Path MTU discovery uses the Don’t Fragment (DF) bit in the IP header to dynamically discover the PMTU of a path.

The basic idea is that a source host initially assumes that the PMTU of a path is the (known) MTU of its first hop, and sends all datagrams on that path with the DF bit set. If any of the datagrams are too large to be forwarded without fragmentation by some router along the path, that router will discard them and return ICMP Destination Unreachable messages with a code meaning “fragmentation needed and DF set”. Upon receipt of such a message “Datagram Too Big” , the source host reduces its assumed PMTU for the path.

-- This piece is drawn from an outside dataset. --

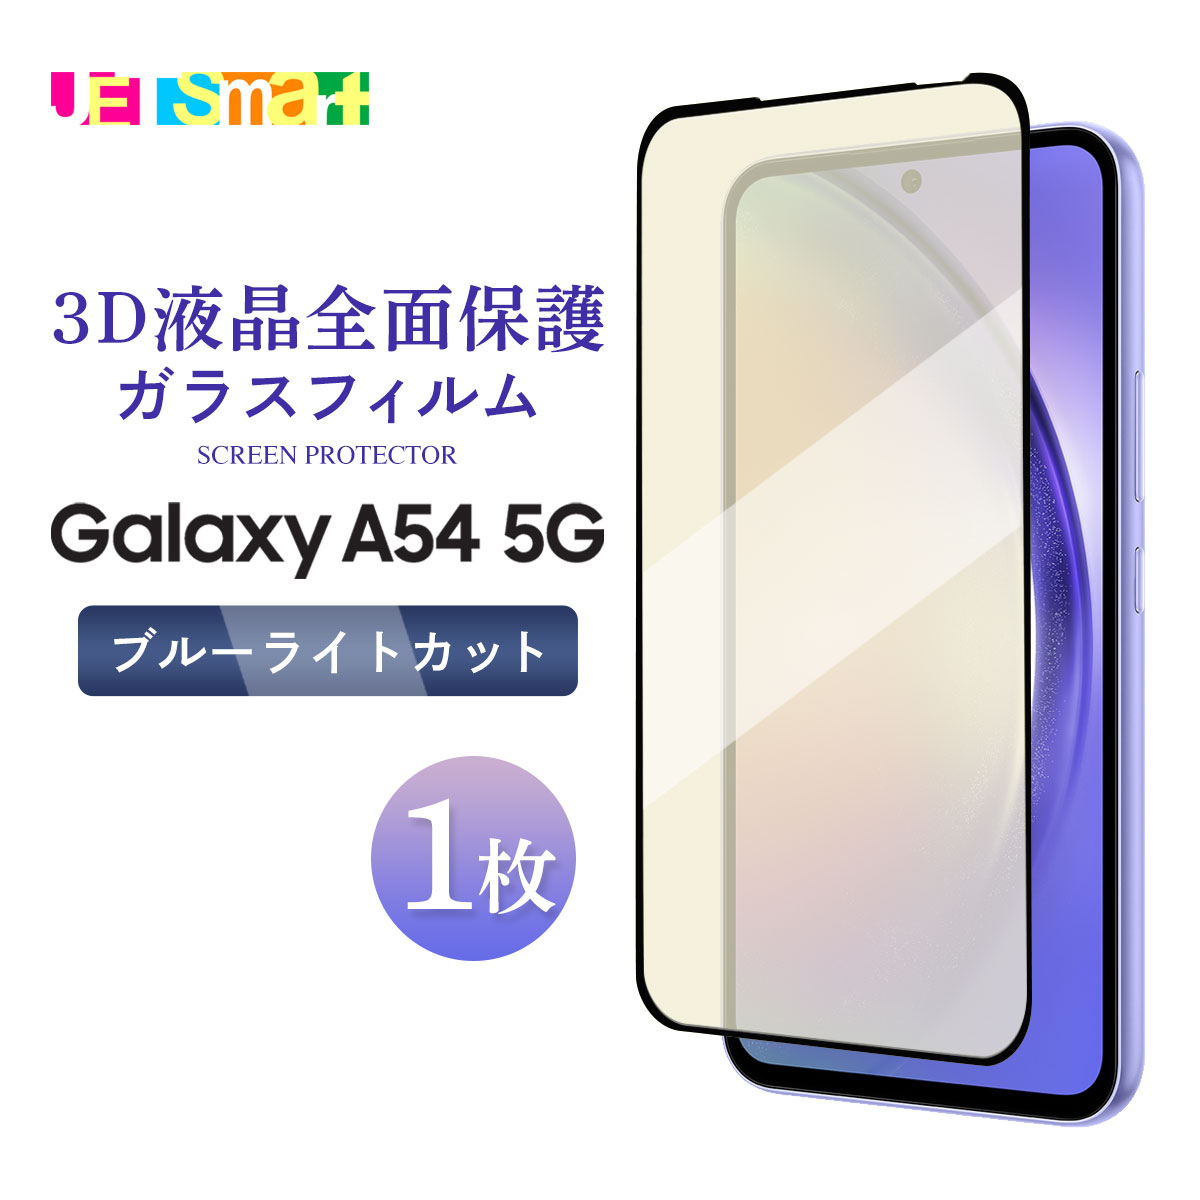 Galaxy A54 5G SCG21 SC-53D KXtB 1 یV[g tی 3DtSʕی t`܂ u[CgJbg KX dx9H N[i[V[gt MNV[ G[tBteBtH[ t@CuW[ Galaxy A54 5G SC-53D docomo hR Galaxy A54 5G au G[[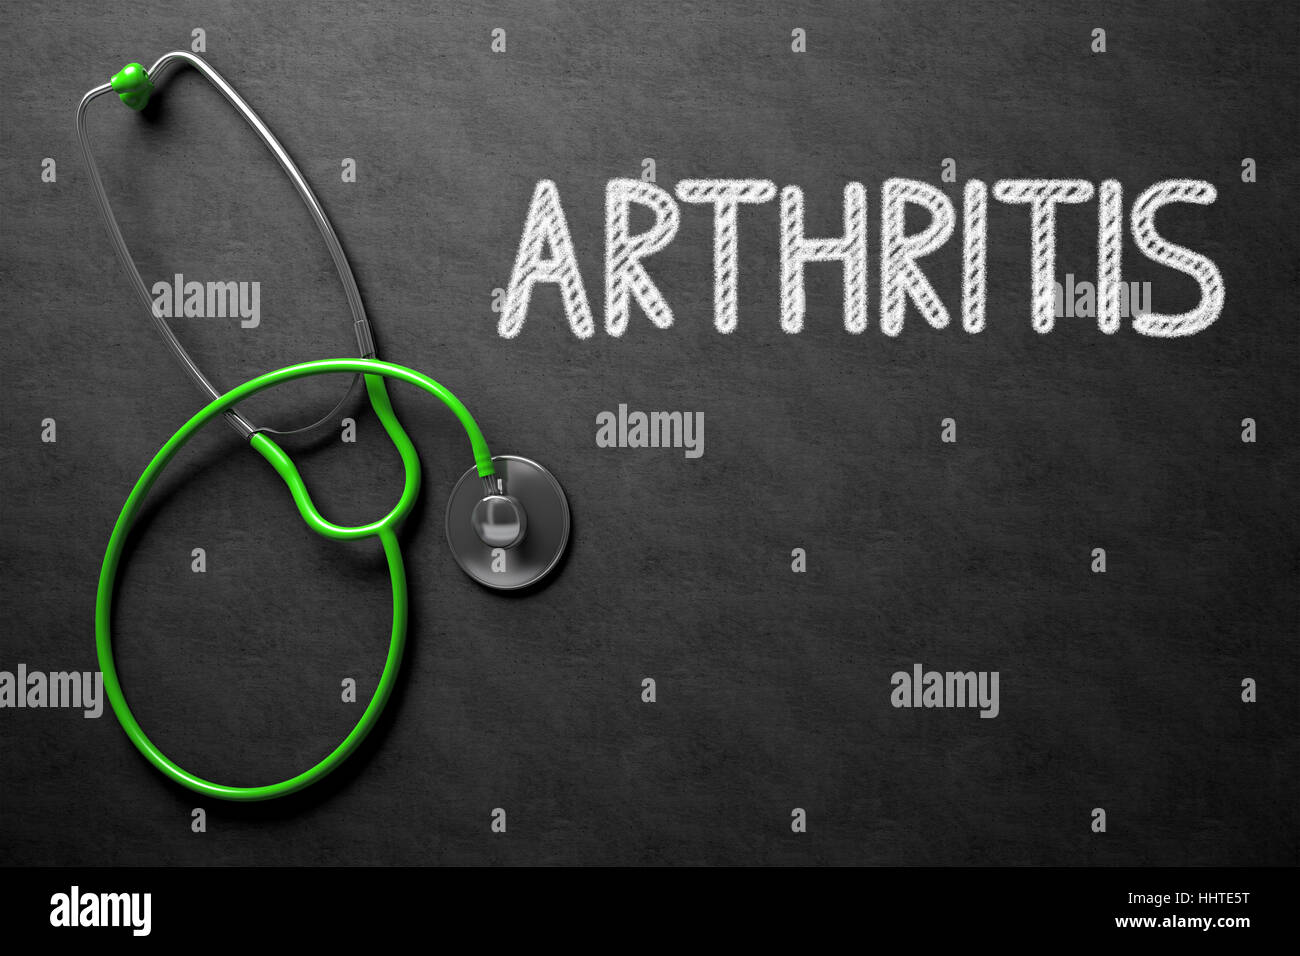 Arthritis - Text on Chalkboard. 3D Illustration. Stock Photo

A host MUST never reduce its estimate of the Path MTU below 68 octets.

PMTUD is only supported by TCP and UDP. Other protocols do not support it. If PMTUD is enabled on a host, and it almost always is, all TCP/IP  or UDP packets from the host will have the DF bit set.

Today we will discuss about PMTUD with TCP:

What is MSS (Maximum Segment Size) :

  • TCP MSS is the Maximum size of TCP payload.
  • The Maximum Segment Size is the largest “chunk” of data, the TCP will send to the other end. When a connection is established , each end will announce its MSS value.
  • MSS includes TCP option. The TCP option is counted as the data that can be transported by the TCP segment. The MSS excludes IP Header and TCP Header.
  • The IP Header without Option is 20 Bytes and the TCP header without options is 20 Bytes.
  • The TCP syn packet carries the MSS option. Each side of the TCP session sends the MSS to the other.
  • The Sender host then limits the maximum TCP segment size to the MSS value.
  • As per defined RFC879 outs the MSS to 576, and hence the default  TCP MSS to 536. If PMTU is enabled, the MSS can be bigger. The initial MSS is send to the peer.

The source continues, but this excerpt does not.